Они так думают. Это имеет отношение ко времени. Одно, потом из этого одного – другое, потом следующее. Так мир обретает для них форму. У нее возникает мысль.

Алун почувствовал, что рот у него стал сухим, как земля. Ее голос, пригоршня слов, вызывали отчаяние, он понимал, что никогда теперь не сможет создавать музыку, никогда не услышит ничего, равного этому. От нее исходил аромат лесов, ночных цветов, а свет – все время меняющийся – окружал ее, сиял в волосах и служил единственным освещением в этом месте. Она сияла для него в лесу, а он знал еще из детства, что смертные, которых запутали, заманили в полумир, никогда не возвращались обратно или, если возвращались, обнаруживали, что все изменилось, товарищи и возлюбленные умерли или постарели.

Дей был у царицы фей, гулял по воде среди музыки, совокуплялся в лесной ночи. Дей умер, его душу украли.

– Зачем ты здесь? – выдавил он из себя.

– Я шла за тобой.

Не тот ответ. Он смотрел на нее.

– Я знаю. Это я знаю. Зачем?

– Потому что ты оставил… свое железо, когда поднялся ко мне по склону? Раньше?

Вопрос. Она спрашивала его, годится ли такой ответ. Она говорила на древнем языке сингаэлей, так, как говорил его дед. Его пугала мысль о том, сколько ей может быть лет. Он не хотел об этом думать или спрашивать. Как долго живут феи? У него кружилась голова. Было трудно дышать. Он спросил с отчаянием:

– Ты мне причинишь боль?

Тут прозвучал ее смех, в первый раз, переливчатый.

– Какую боль я могу причинить?

Она подняла руки, словно показывая ему, какая она хрупкая, стройная, с очень длинными пальцами. Он не мог бы назвать цвет ее туники, видел под ней плавные изгибы ее бледного тела. Она протянула к нему руку. Он закрыл глаза в последнее мгновение перед тем, как она прикоснулась пальцами к его лицу во второй раз.

Он погиб, понимал, что погиб, несмотря на все предостережения. Он погиб, когда вышел из церкви, чтобы войти в этот лес, куда не ходят люди.

Он взял ее пальцы в свою руку, поднес их к губам и поцеловал. Почувствовал, что она дрожит. Услышал, как она сказала, почти неслышно, почти музыкой: «Ты мне причинишь боль?»

Алун открыл глаза. Она была серебристым светом в лесу, который и вообразить себе невозможно. Он увидел вокруг них деревья и летнюю траву.

– Ни за какой свет во всех мирах, – ответил он и заключил ее в объятия.

* * *

Теперь в большом зале осталось очень мало света: янтарные озерца выплескивались из двух каминов, освещали нескольких мужчин, продолжающих бросать кости в дальнем конце комнаты, и еще пара ламп горела во главе стола, где бодрствовали за беседой двое мужчин, а третий тихо слушал. Там же спал четвертый, тихо похрапывая, его голова лежала на столе среди последних неубранных тарелок.

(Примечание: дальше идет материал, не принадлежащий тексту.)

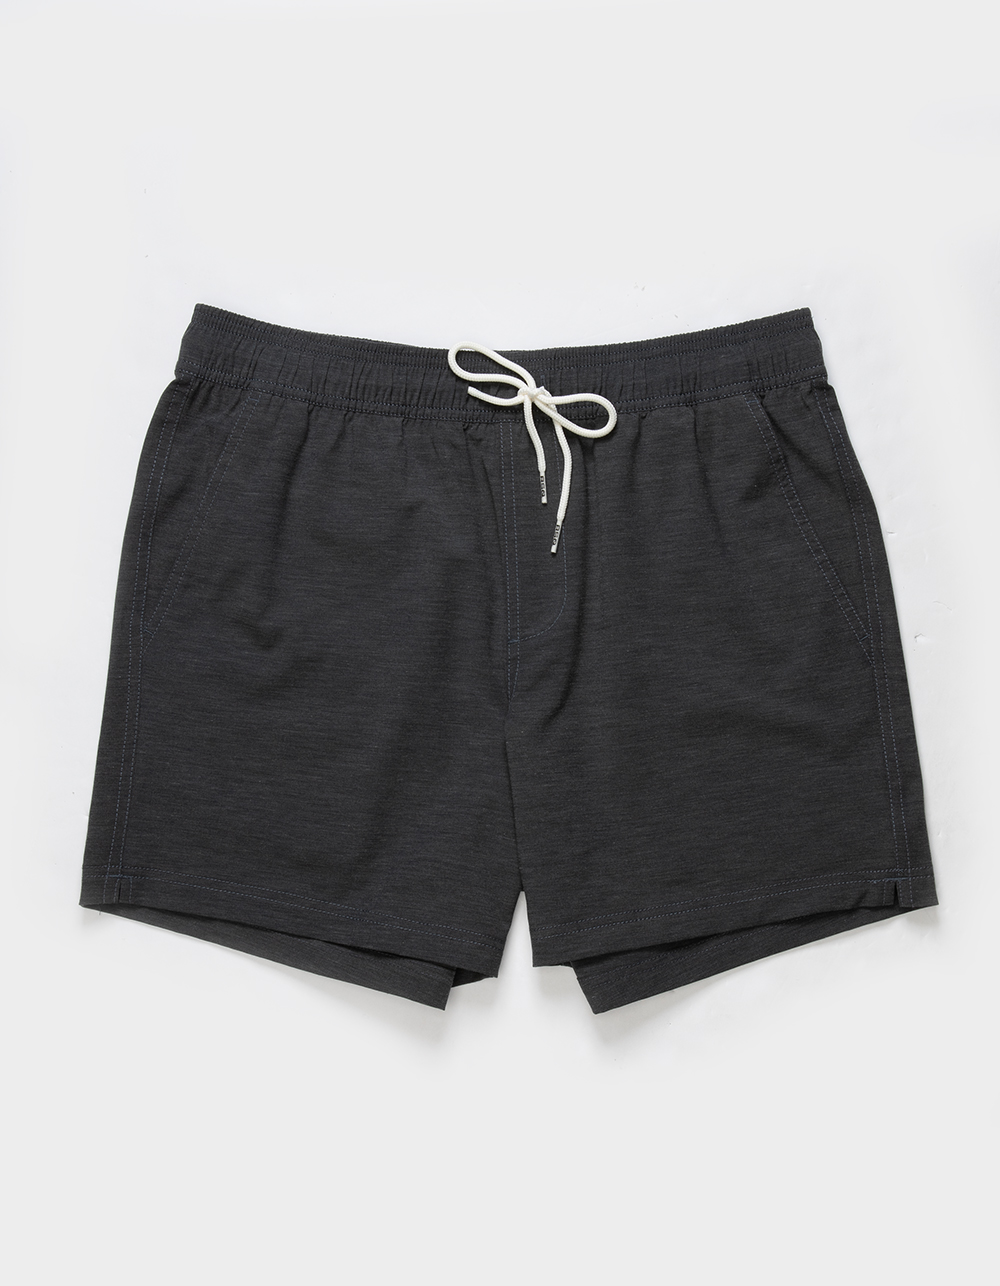 RSQ Mens Vintage Solid 5'' Swim Shorts
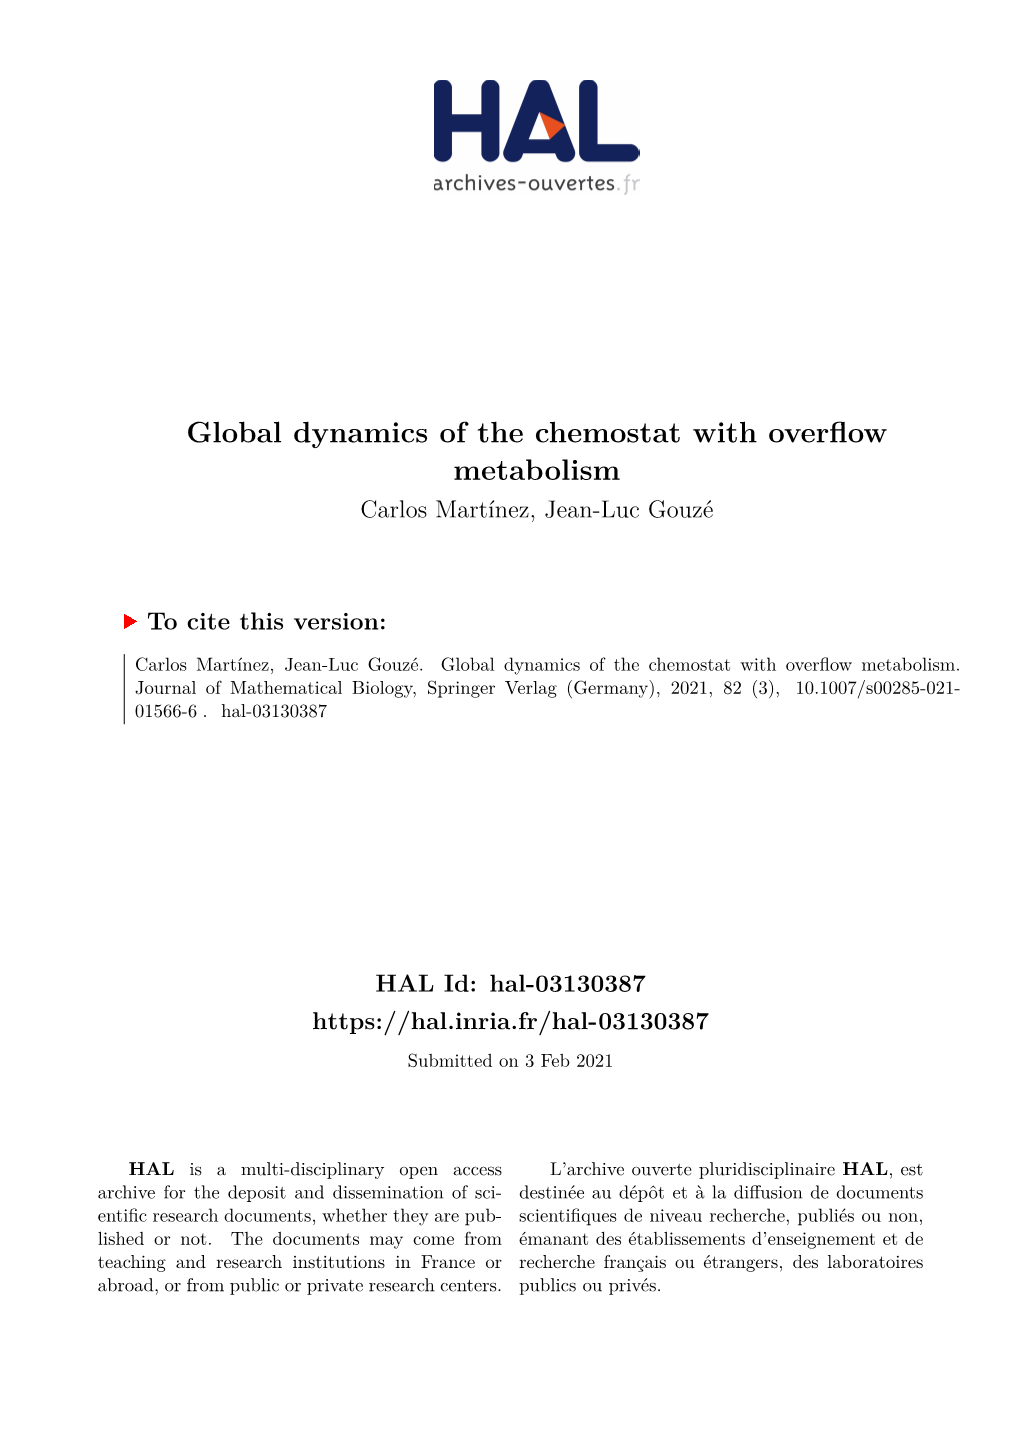 Global Dynamics of the Chemostat with Overflow Metabolism Carlos Martínez, Jean-Luc Gouzé

Король англсинов Элдред посмотрел на спящего священника из Фериереса, потом повернулся в другую сторону с легкой улыбкой.

– Мы его утомили, – сказал он.

Священник, сидящий с другой стороны, поставил свою чашу.

– Наверное. Уже поздно.

– Неужели? Иногда кажется неправильным спать. Упущенная возможность. – Король отпил вина. – Он цитировал тебе Сингала. Ты был к нему добр.

– Нет нужды его смущать.

Элдред фыркнул.

– Когда он цитирует тебе тебя самого?

Сейнион Льюэртский пожал плечами.

– Я был польщен.

– Он не знал, что ты это написал. Он смотрел на себя свысока.

– Это не имело бы значения, если бы он был прав, настаивая на своем.

При этих словах у третьего компаньона вырвался тихий звук. Оба повернулись к нему, и оба улыбнулись.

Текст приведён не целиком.